Future research should prioritize the integration of advanced simulation applications to enhance the algorithm’s capacity for optimizing workflows. By simulating various production scenarios, organizations can better assess algorithm performance, identify potential bottlenecks, and implement proactive improvements [45]. These simulation-based evaluations refine task prioritization and enable more flexible and efficient workflow adjustments. Moreover, integrating real-time data from process monitoring devices (PMD) with simulation tools will allow algorithms to dynamically adjust workflows based on actual performance data.
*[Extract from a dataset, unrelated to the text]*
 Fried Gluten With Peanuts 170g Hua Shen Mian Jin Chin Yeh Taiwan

This system can simulate various corrective actions and select the most appropriate options, thereby improving both efficiency and responsiveness.

Another key area for improvement is the strategic recruitment and development of operator profiles. By defining the optimal skill sets required for high line efficiency, organizations can enhance their hiring practices and attract candidates with the necessary competencies. Additionally, digital sewing line balancing systems designed from a lean perspective have the potential to reduce downtime caused by model changes through real-time production data analysis. This capability supports timely decision-making and improves product quality by enhancing first-pass accuracy.
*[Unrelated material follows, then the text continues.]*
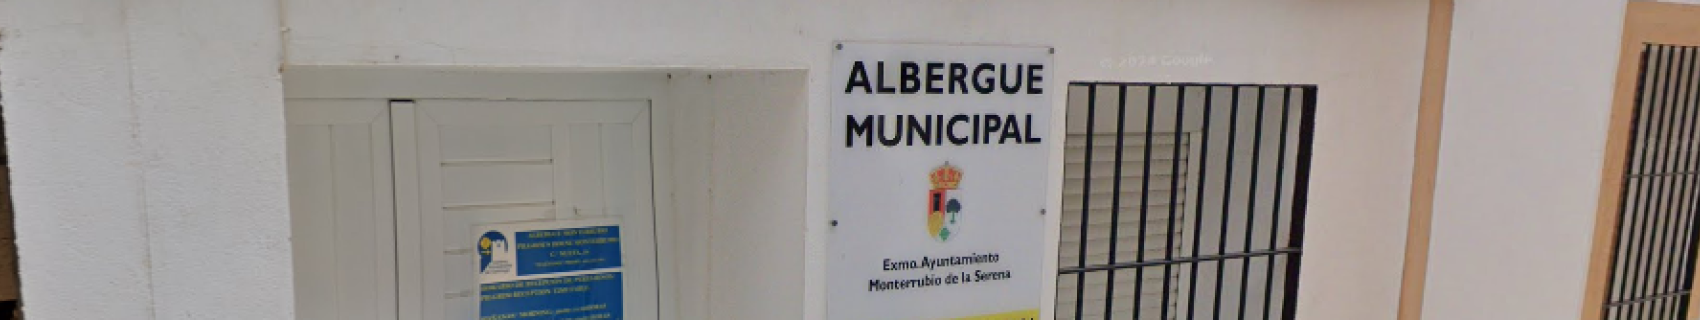 Lbergue municipal

The synergy between lean-based digitalization and real-time production management equips garment manufacturers with the agility needed to respond swiftly to fluctuating customer demand. This combination not only provides a competitive advantage but also ensures sustainable success in dynamic market conditions. The digital tools and methodologies explored in this study, particularly the optimization algorithm, significantly contribute to improving business operations by enabling real-time data collection and analysis. Furthermore, the integration of production monitoring devices (PMD) enhances competitiveness through rapid interventions, optimized maintenance schedules, and improved operational efficiency [46].

This study’s exploration of a digitally-driven sewing line layout characterized by strategically positioned workstations operating in concert with optimized workflows reveals promising avenues for future research in production management. This innovative approach, underpinned by digital line balancing techniques, has demonstrated the potential to significantly enhance the effectiveness and efficiency of industrial processes. The organizational improvements and workstation optimizations identified through this research provide a solid foundation for further investigation into refining and elevating industrial processes across a range of manufacturing sectors.

In conclusion, the successful implementation of digital transformation strategies and lean production methodologies significantly enhances the efficiency of sewing line processes, offering businesses sustainable competitive advantages. As the apparel industry continues to evolve, future studies concentrating on the practical application of these digital and process-oriented improvements will contribute to a broader transformation in manufacturing practices. By leveraging these strategic advantages, organizations can confidently navigate the complexities of the industry landscape, foster innovation, and continuously refine their operational processes to achieve greater efficiency.